Before we look at a formal definition of what it means for a function to be continuous at a point, let’s consider various functions that fail to meet our intuitive notion of what it means to be continuous at a point. We then create a list of conditions that prevent such failures.

Our first function of interest is shown in Figure 2.32. We see that the graph of \(f \left(\right. x \left.\right)\) has a hole at a. In fact, \(f \left(\right. a \left.\right)\) is undefined. At the very least, for \(f \left(\right. x \left.\right)\) to be continuous at a, we need the following condition:

\[\text{i}. f \left(\right. a \left.\right) \text{is defined}.\]

A graph of an increasing linear function f(x) which crosses the x axis from quadrant three to quadrant two and which crosses the y axis from quadrant two to quadrant one. A point a greater than zero is marked on the x axis. The point on the function f(x) above a is an open circle; the function is not defined at a.

Figure 2.32 The function \(f \left(\right. x \left.\right)\) is not continuous at a because \(f \left(\right. a \left.\right)\) is undefined.

However, as we see in Figure 2.33, this condition alone is insufficient to guarantee continuity at the point a. Although \(f \left(\right. a \left.\right)\) is defined, the function has a gap at a. In this example, the gap exists because \(\underset{x \rightarrow a}{\text{lim}} f \left(\right. x \left.\right)\) does not exist. We must add another condition for continuity at a—namely,

\[\text{ii}. \underset{x \rightarrow a}{\text{lim}} f \left(\right. x \left.\right) \text{exists}.\]

The graph of a piecewise function f(x) with two parts. The first part is an increasing linear function that crosses from quadrant three to quadrant one at the origin. A point a greater than zero is marked on the x axis. At fa. on this segment, there is a solid circle. The other segment is also an increasing linear function. It exists in quadrant one for values of x greater than a. At x=a, this segment has an open circle.

Figure 2.33 The function \(f \left(\right. x \left.\right)\) is not continuous at a because \(\underset{x \rightarrow a}{\text{lim}} f \left(\right. x \left.\right)\) does not exist.

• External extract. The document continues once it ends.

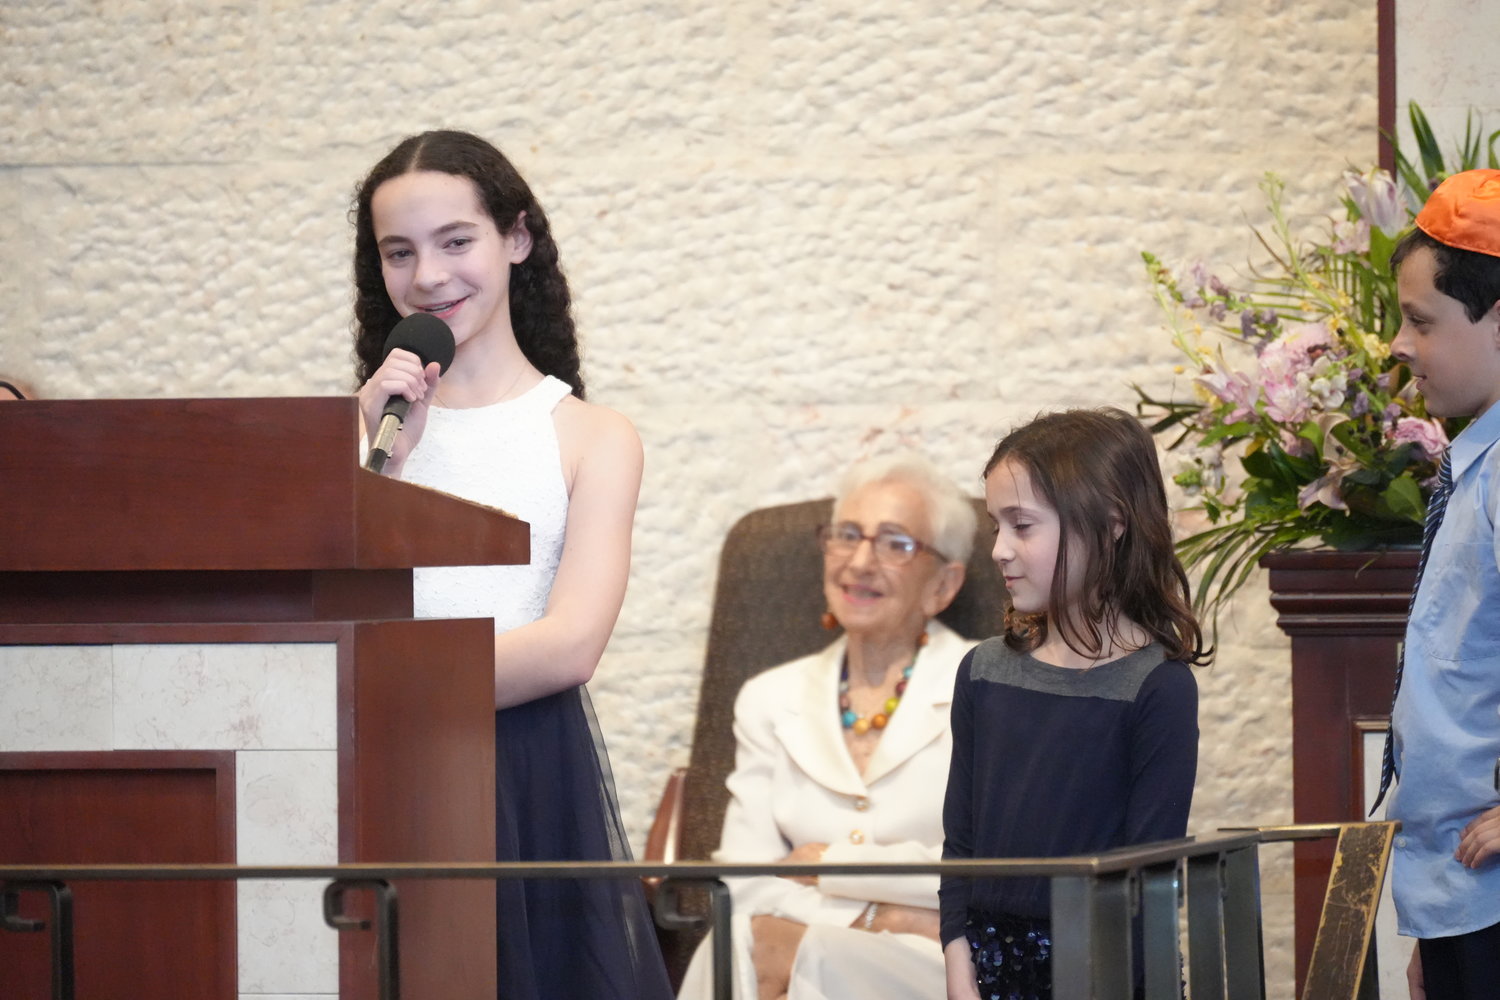 Sara Androphy, the rabbi’s granddaughter, along with her siblings and cousins, shared some of her favorite things to do with her savta, grandmother, and zaydie, grandfather.

However, as we see in Figure 2.34, these two conditions by themselves do not guarantee continuity at a point. The function in this figure satisfies both of our first two conditions, but is still not continuous at a. We must add a third condition to our list:

\[\text{iii}. \underset{x \rightarrow a}{\text{lim}} f \left(\right. x \left.\right) = f \left(\right. a \left.\right) .\]

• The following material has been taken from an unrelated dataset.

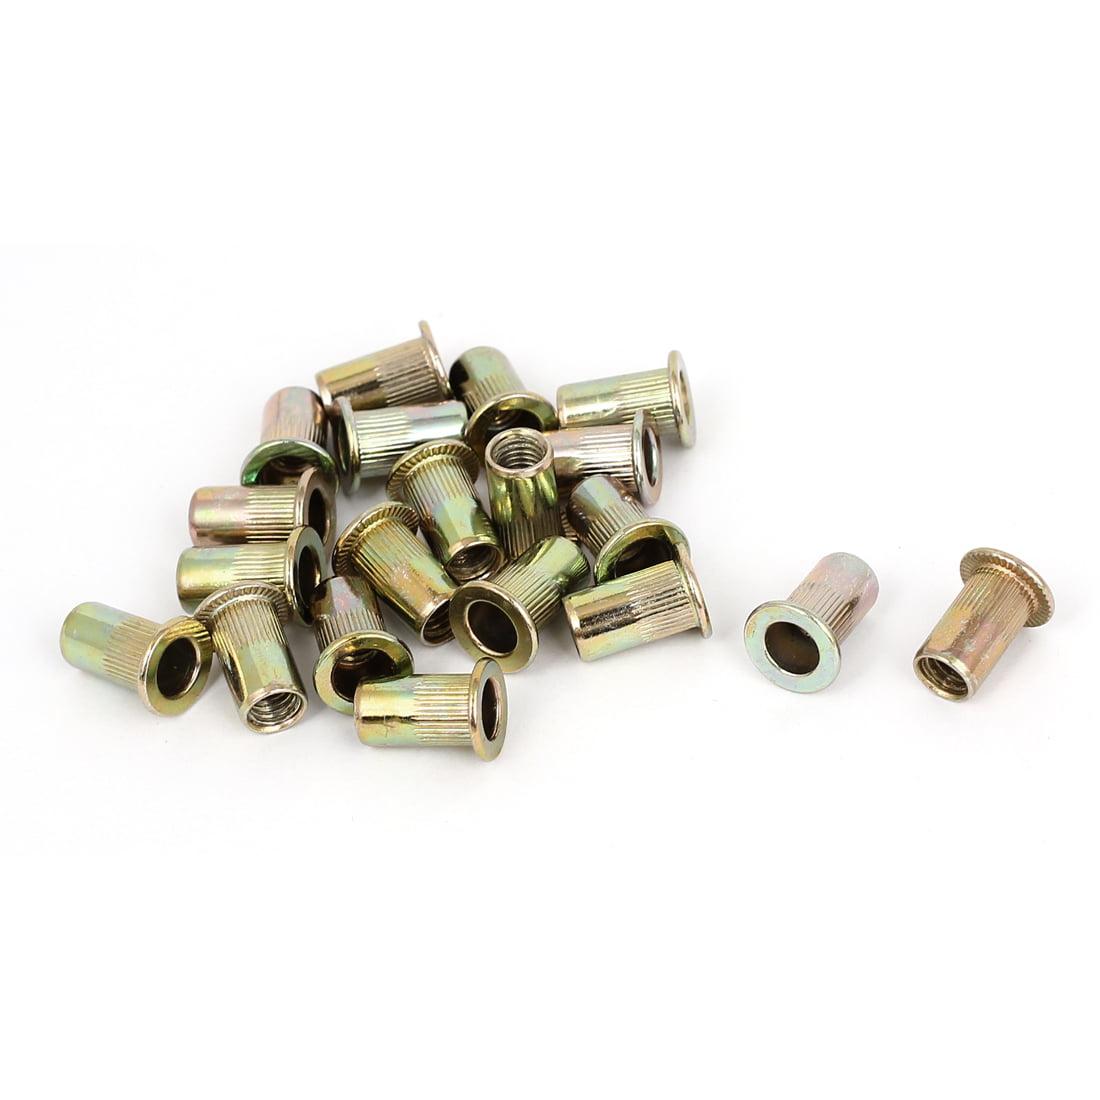 Zinc Plated M6 6mm Threaded Rivet Insert Riv Nuts Open End Knurled

The graph of a piecewise function with two parts. The first part is an increasing linear function that crosses the x axis from quadrant three to quadrant two and which crosses the y axis from quadrant two to quadrant one. A point a greater than zero is marked on the x axis. At this point, there is an open circle on the linear function. The second part is a point at x=a above the line.

Figure 2.34 The function \(f \left(\right. x \left.\right)\) is not continuous at a because \(\underset{x \rightarrow a}{\text{lim}} f \left(\right. x \left.\right) \neq f \left(\right. a \left.\right) .\)

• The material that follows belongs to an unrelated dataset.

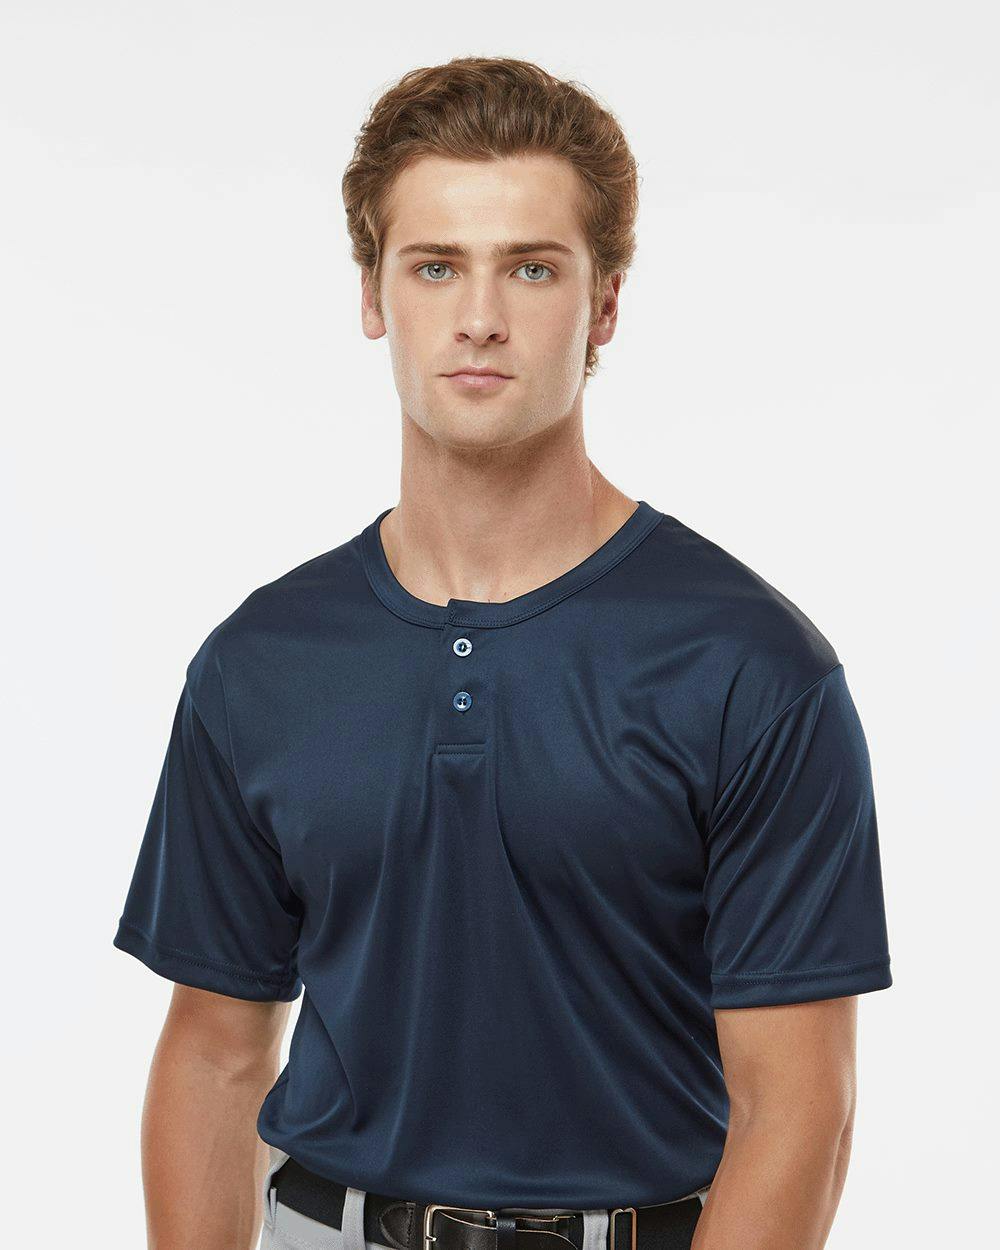 Image for B-Core Placket Jersey - 7930

Now we put our list of conditions together and form a definition of continuity at a point.

Definition

A function \(f \left(\right. x \left.\right)\) is continuous at a point a if and only if the following three conditions are satisfied:

\(f \left(\right. a \left.\right)\) is defined
\(\underset{x \rightarrow a}{\text{lim}} f \left(\right. x \left.\right)\) exists
\(\underset{x \rightarrow a}{\text{lim}} f \left(\right. x \left.\right) = f \left(\right. a \left.\right)\)

A function is discontinuous at a point a if it fails to be continuous at a.

The following procedure can be used to analyze the continuity of a function at a point using this definition.

Problem-Solving Strategy

Determining Continuity at a Point

Check to see if \(f \left(\right. a \left.\right)\) is defined. If \(f \left(\right. a \left.\right)\) is undefined, we need go no further. The function is not continuous at a. If \(f \left(\right. a \left.\right)\) is defined, continue to step 2.
Compute \(\underset{x \rightarrow a}{\text{lim}} f \left(\right. x \left.\right) .\) In some cases, we may need to do this by first computing \(\underset{x \rightarrow a^{-}}{\text{lim}} f \left(\right. x \left.\right)\) and \(\underset{x \rightarrow a^{+}}{\text{lim}} f \left(\right. x \left.\right) .\) If \(\underset{x \rightarrow a}{\text{lim}} f \left(\right. x \left.\right)\) does not exist (that is, it is not a real number), then the function is not continuous at a and the problem is solved. If \(\underset{x \rightarrow a}{\text{lim}} f \left(\right. x \left.\right)\) exists, then continue to step 3.
Compare \(f \left(\right. a \left.\right)\) and \(\underset{x \rightarrow a}{\text{lim}} f \left(\right. x \left.\right) .\) If \(\underset{x \rightarrow a}{\text{lim}} f \left(\right. x \left.\right) \neq f \left(\right. a \left.\right) ,\) then the function is not continuous at a. If \(\underset{x \rightarrow a}{\text{lim}} f \left(\right. x \left.\right) = f \left(\right. a \left.\right) ,\) then the function is continuous at a.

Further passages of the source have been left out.